On fatness, dating and getting comfortable

Being fat, especially being a fat woman, is something of a unique experience. People do not like to hear the word ‘fat’ from the mouth of An Actual Fat Person. Some hate the idea of fat people owning their own bodies, while others assume it’s an act of self-hatred.

One’s own fatness particularly comes to the fore when dating. It took me a good few weeks into using Tinder when I first downloaded it over 3 years ago, to recognise my strange swiping habits.  I would only swipe right for men who were, or at least appeared to be, fatter than I was or equivalently fat. I find all types of men attractive but the fear of rejection from the ones whose bodies didn’t look like mine was overpowering.
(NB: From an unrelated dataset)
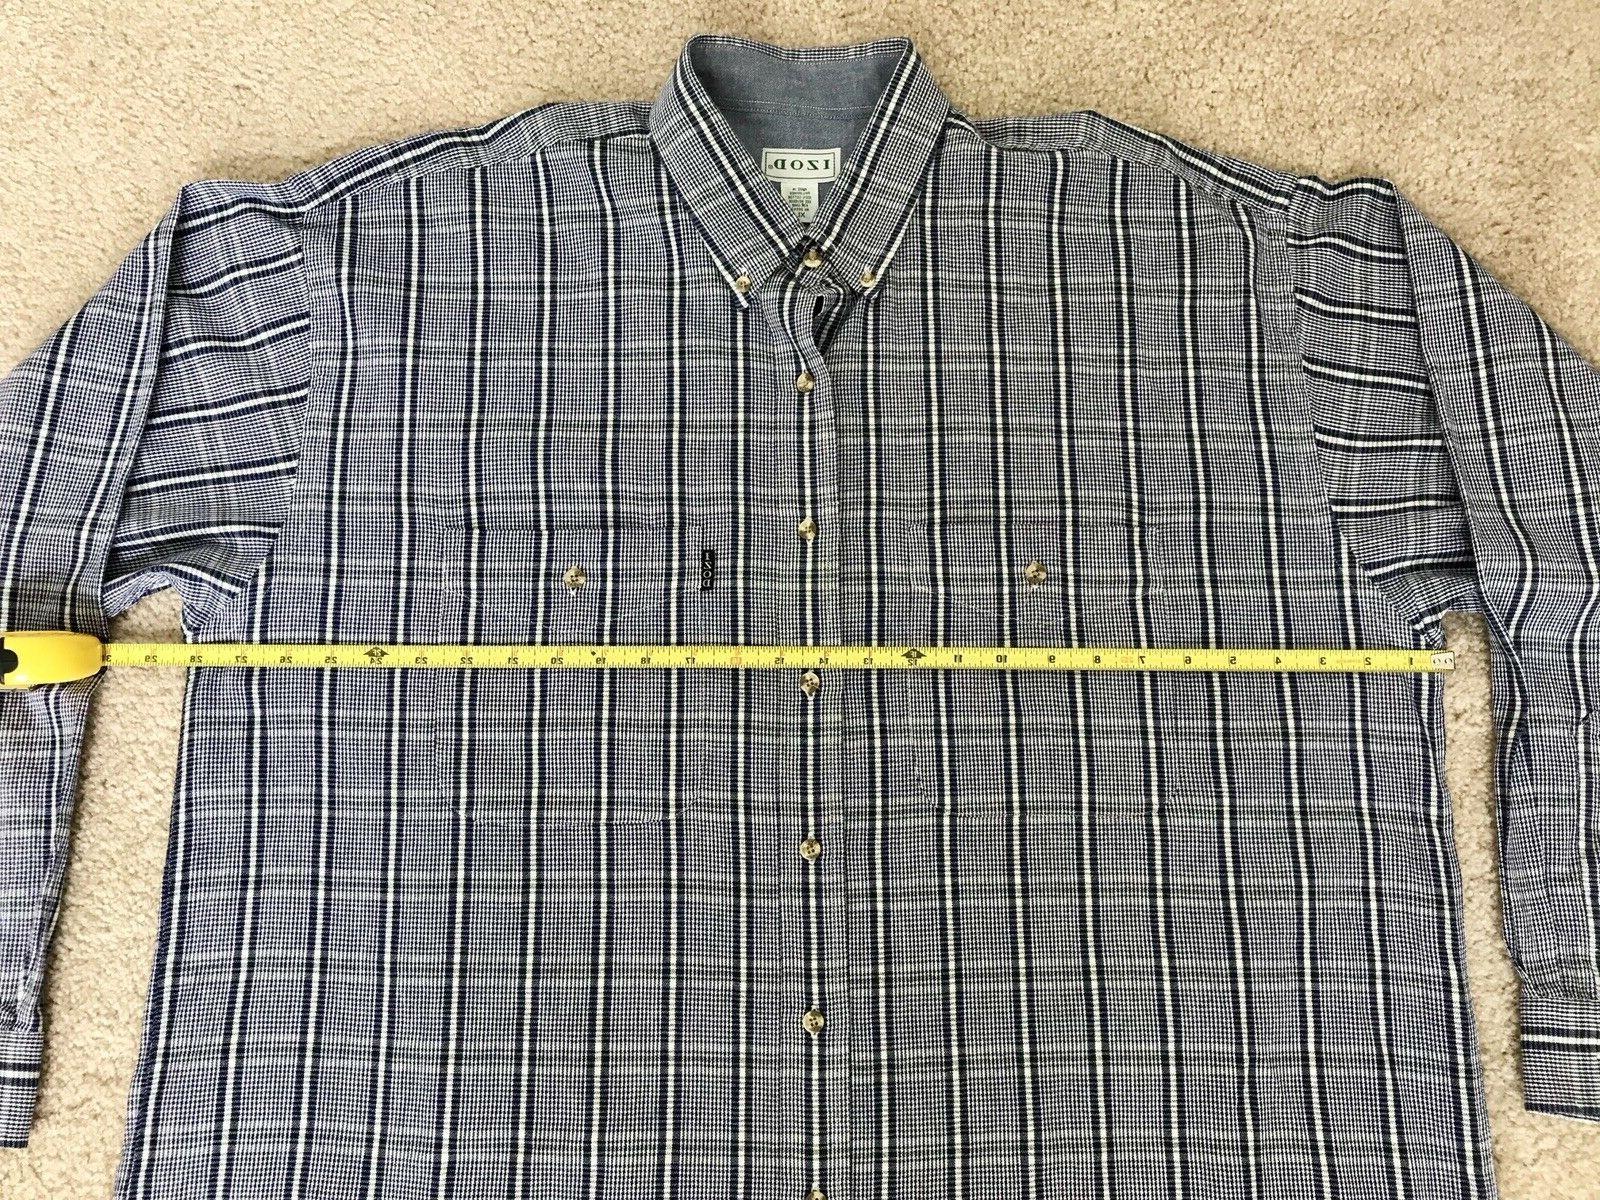 Izod Mens xl Long Sleeve ls Flannel shirt Cotton Blue Green Plaid euc
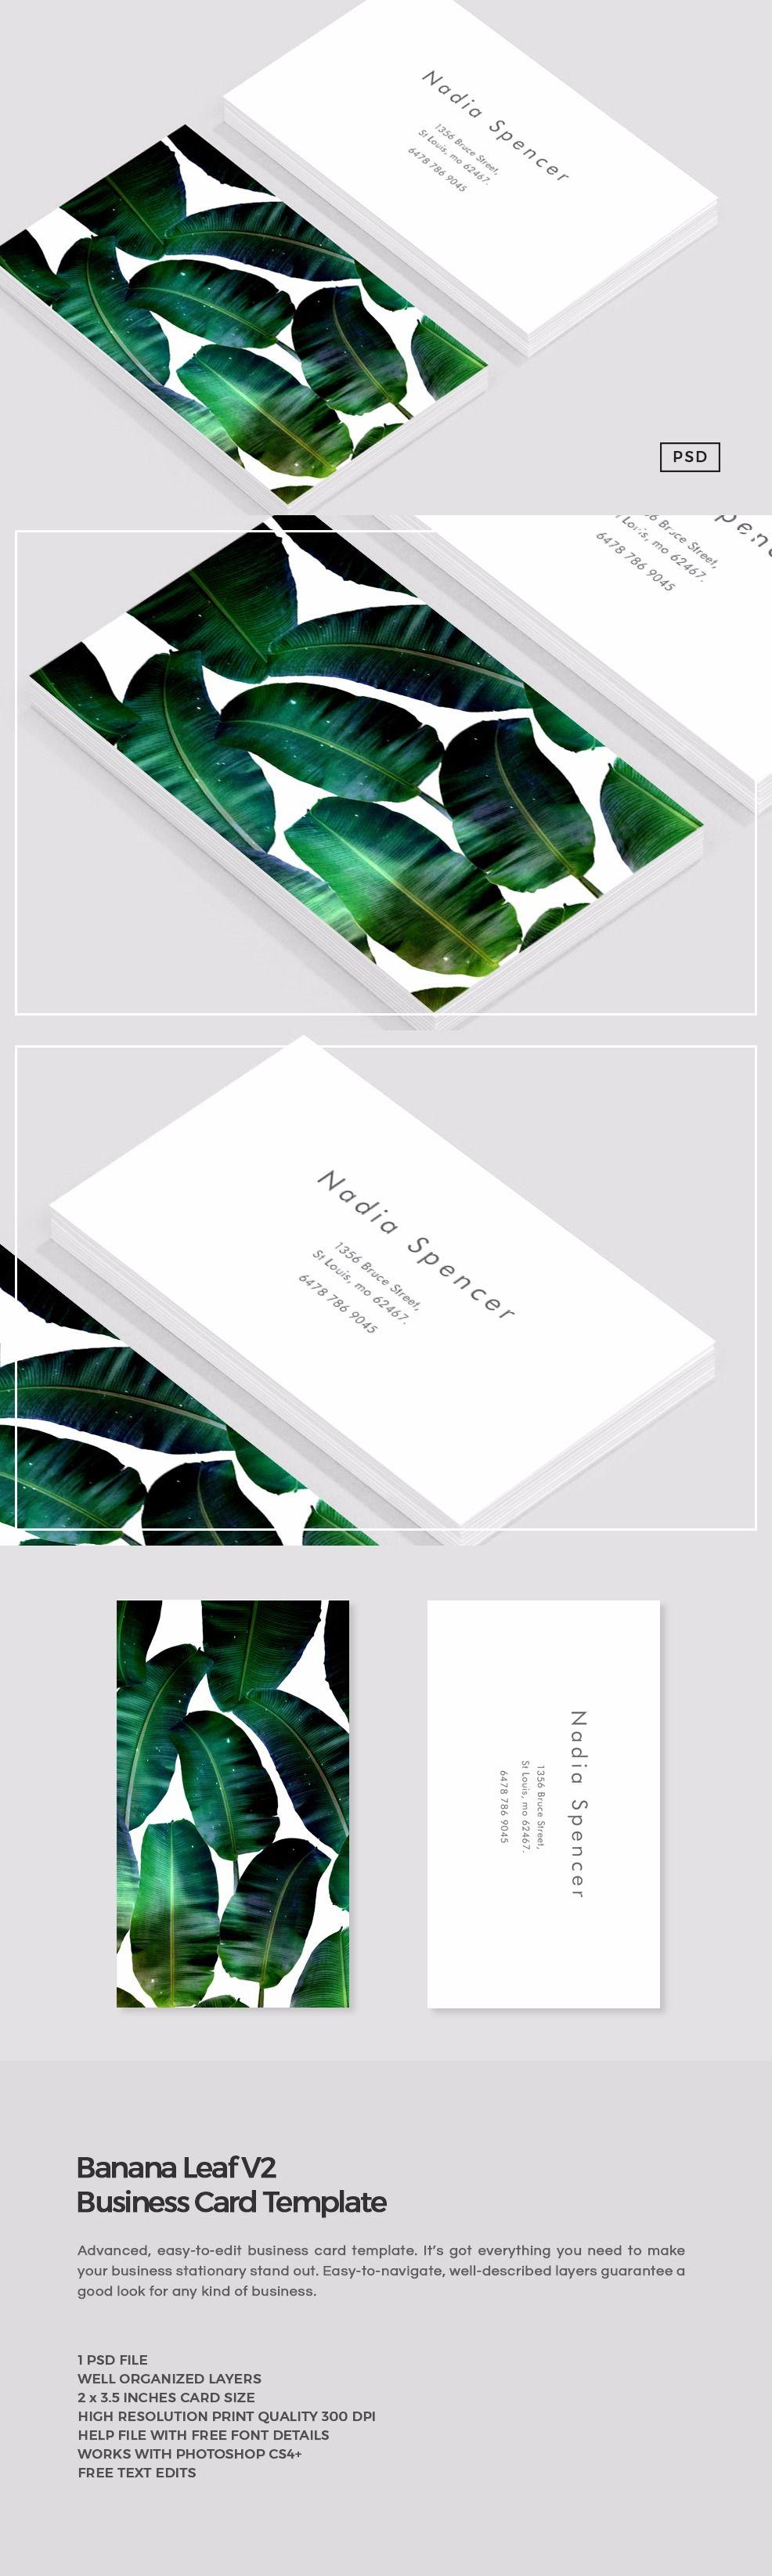 Banana Leaf Business Card Template Business Card Template Business Card Template Design Business Card Design

Online dating can be a terrifying experience when you are fat. I was diligent in ensuring I had full body shots and that my profile was also linked to my Instagram account just to ensure that I was being truthful and honest.

God forbid I should be accused of being a catfish.

As a fat woman, you are frequently put into situations where you have to use the word fat negatively as part of social convention. One of the most degrading things fat women experience is assuring our thin friends that they are not fat when they say that they ‘feel fat’.

Fat is not a feeling. You cannot ‘feel’ fat. You are fat. I am fat. It is a body type. By attempting to placate their anxieties about their body we must disparage our own. We already feel uncomfortable with how our friends see fatness, and this is amplified even further when we think about the people who will see us naked.

The difficultly in navigating the dating world with a fat body extends beyond online dating. When talking with men in bars/clubs, men who are evidently interested in me, I have found myself wondering if what I am wearing is too flattering or if where we are standing is too dark.

I have literally been standing in front of someone with my fat body hoping that they can tell that I am fat, which they obviously can. I reiterate: being a fat woman is a unique experience.

I re-downloaded Tinder last summer after being in a relationship for over two years. As I grow older, I become more in-tune with and accepting of my body. This extended to me swiping right on anyone I found attractive and not just people who I thought wouldn’t find my body unfamiliar territory. I still only said yes to about 1 in 25 men though.

I previously assumed men who were interested in me either romantically, sexually or both, did so in spite of my fatness. My face is alright and I’ve got a pretty good sense of humour so I assumed that these were my draws. My fatness was something to be overlooked, to be tolerated instead of celebrated. Quite unsurprisingly, this is not true. My body is attractive to some people. Why should I even say some people? My body is attractive. What a world.

Once again this was a realisation that seemed to come with gradually ageing and learning. I am 22 and I am still getting to know myself.

It’s sad that fatness is still so ingrained as something unattractive for so many people, but at least it is not for me anymore and the way I see myself. Now, of course everyone has preference, but being so averse to a thick thigh could mean missing out on some pretty hot lays.